§ Available records
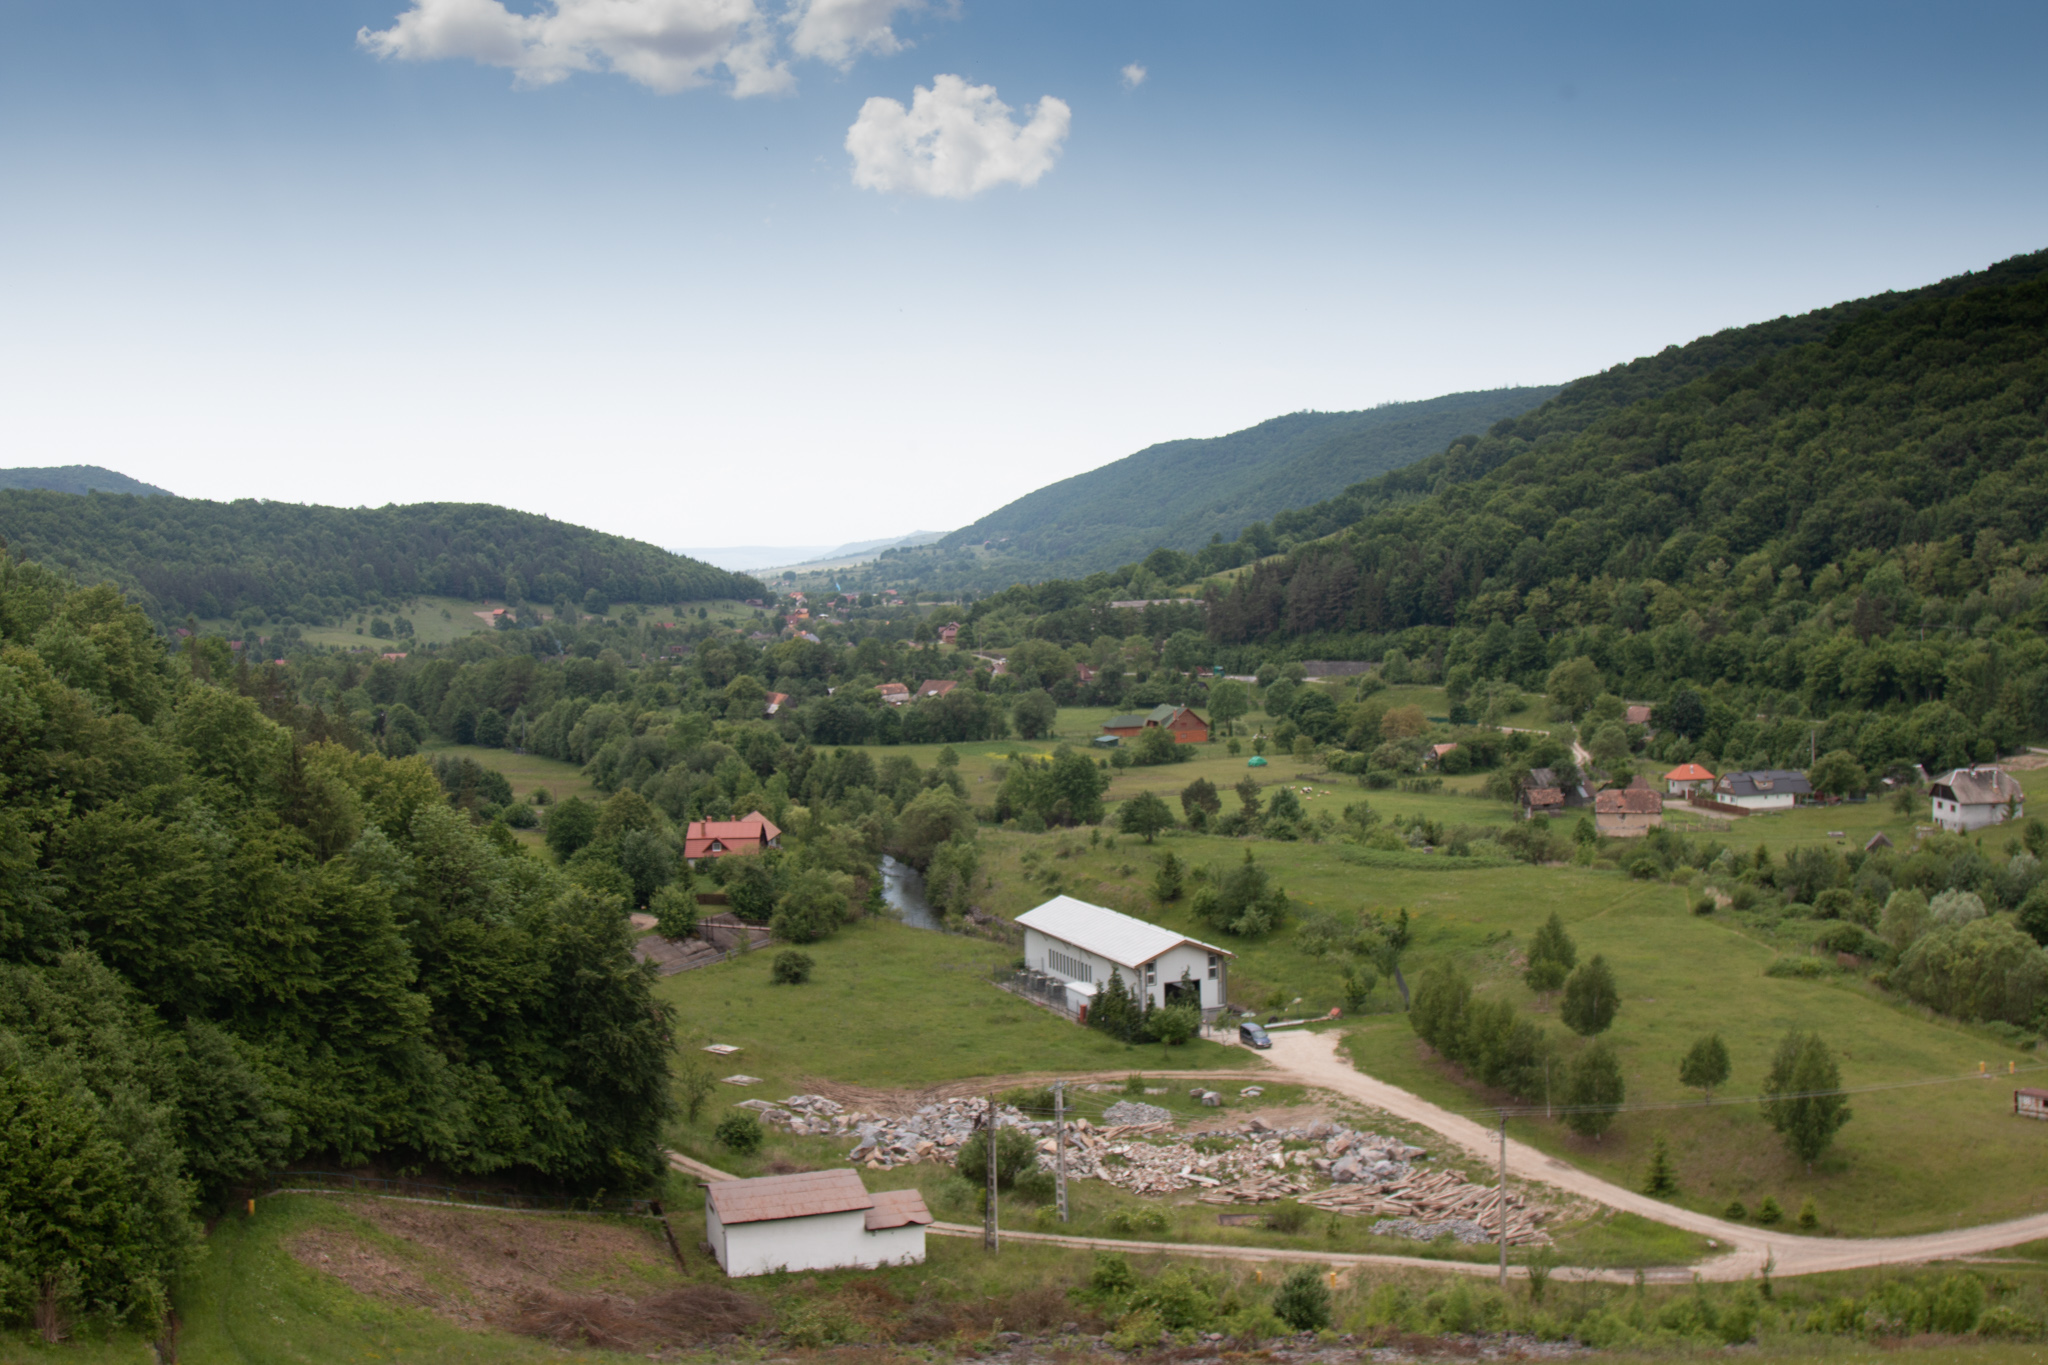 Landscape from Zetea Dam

* * *

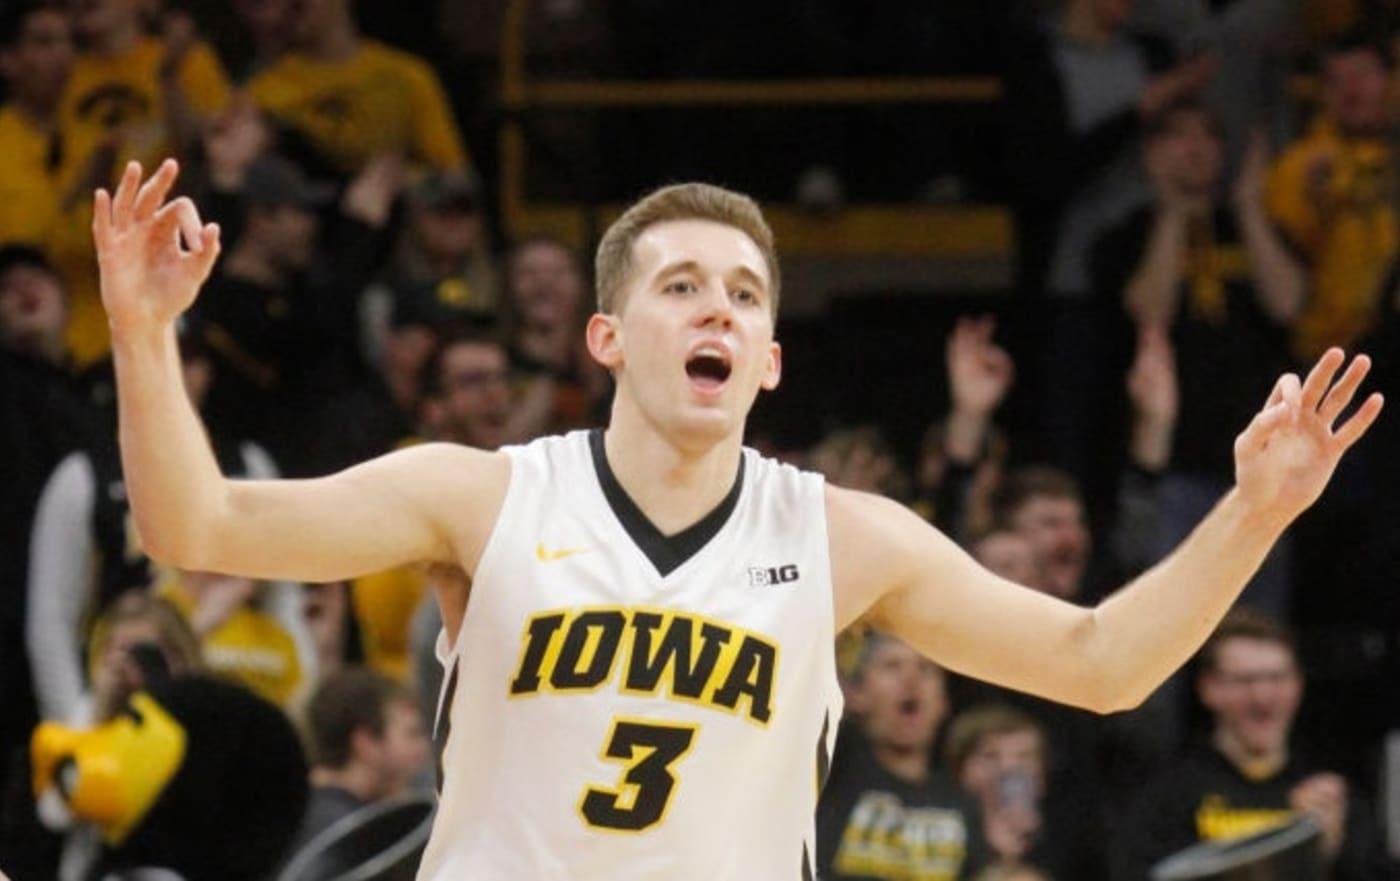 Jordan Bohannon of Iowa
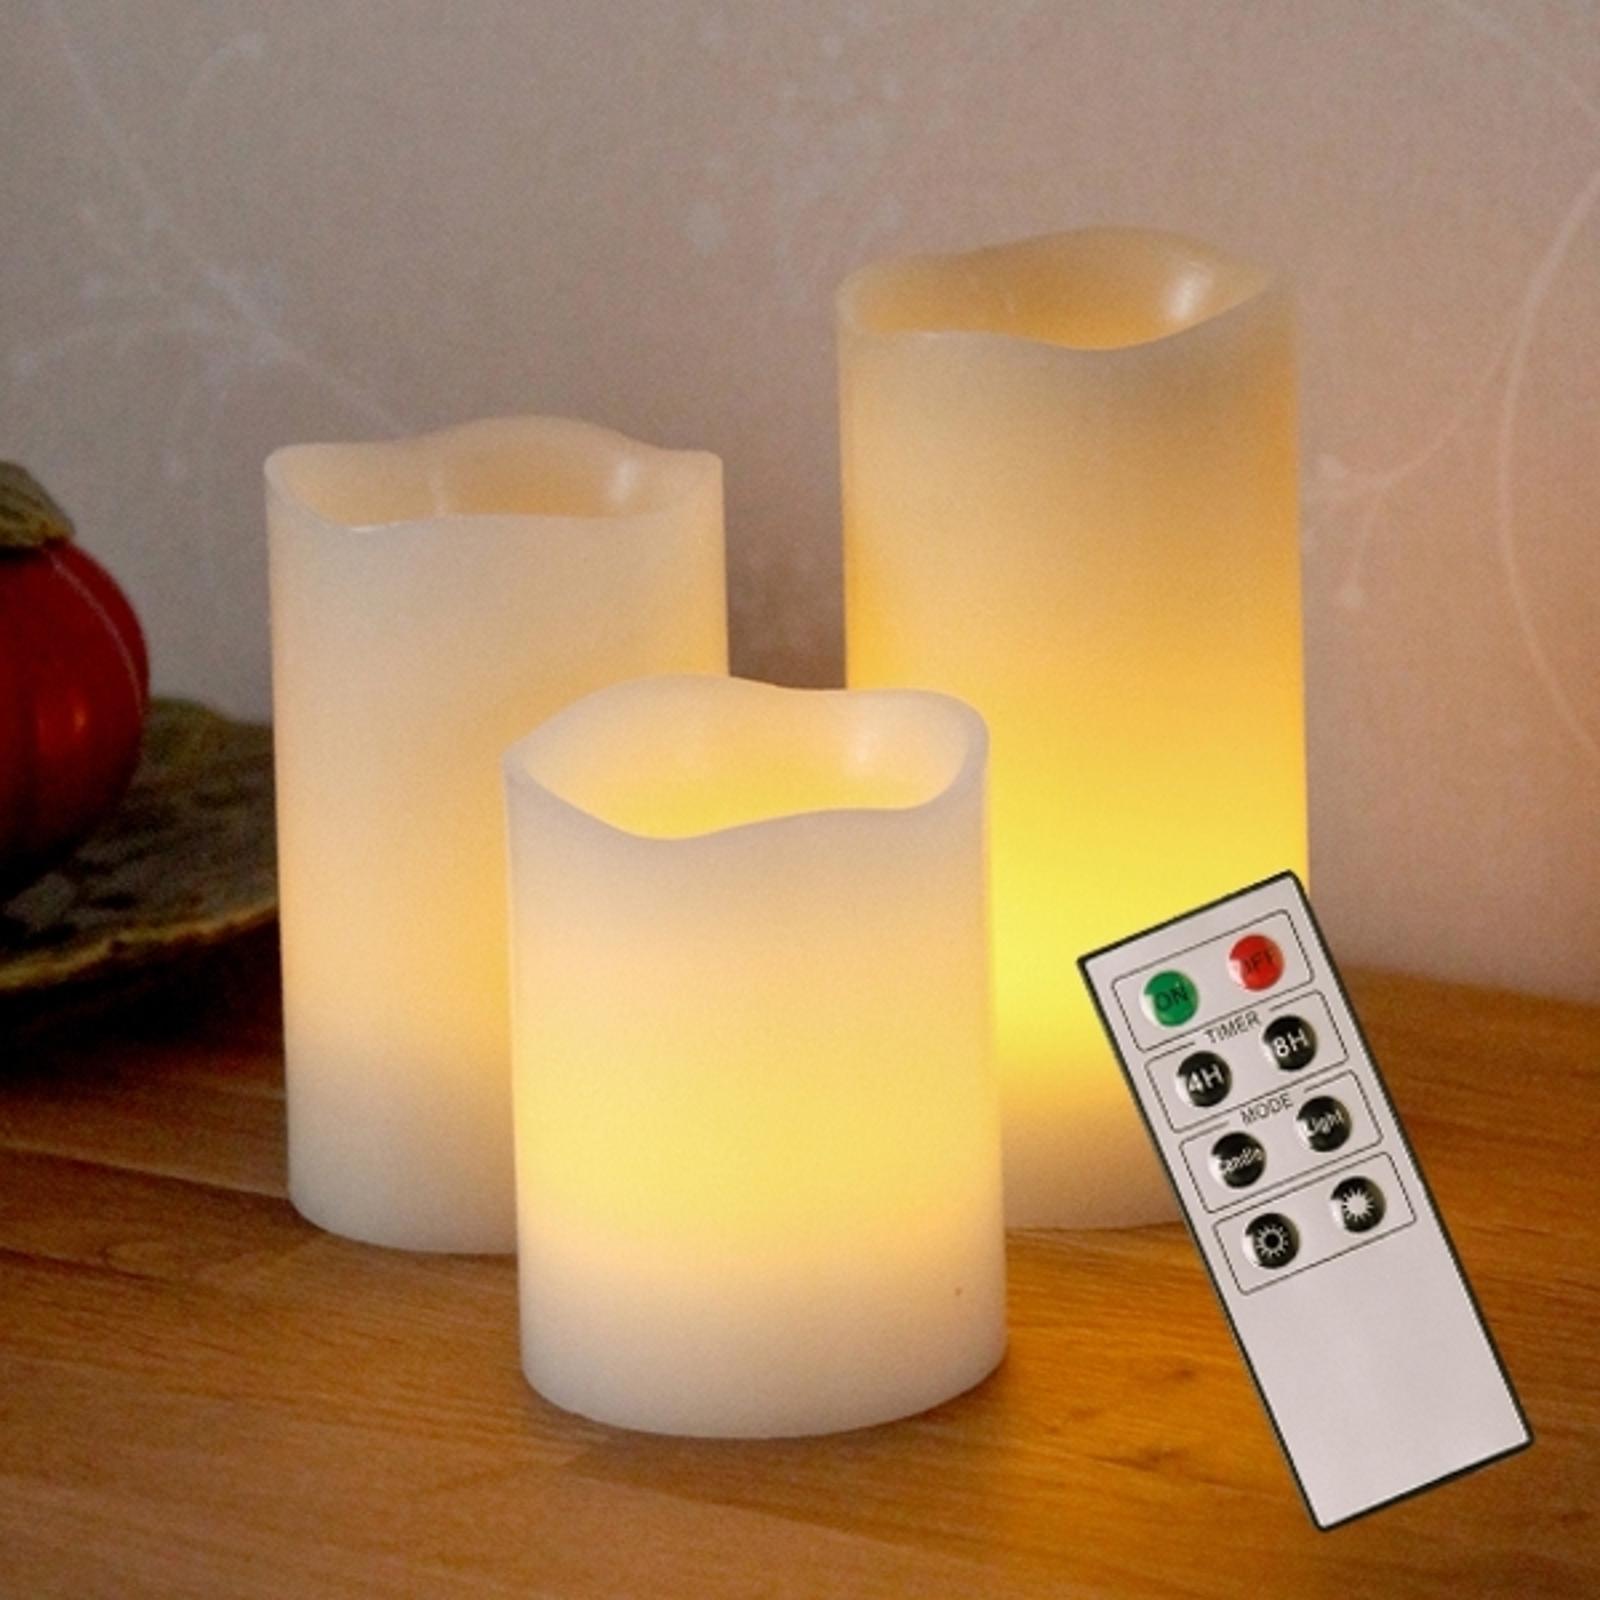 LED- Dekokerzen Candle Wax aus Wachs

§ Problem to work on
Print nothing but the lines above starting with the line that contains "Jordan Bohannon of Iowa" and going on through the line that contains "LED- Dekokerzen Candle Wax aus Wachs". Leave out the pictures.

§ Written response
 Jordan Bohannon of Iowa
 LED- Dekokerzen Candle Wax aus Wachs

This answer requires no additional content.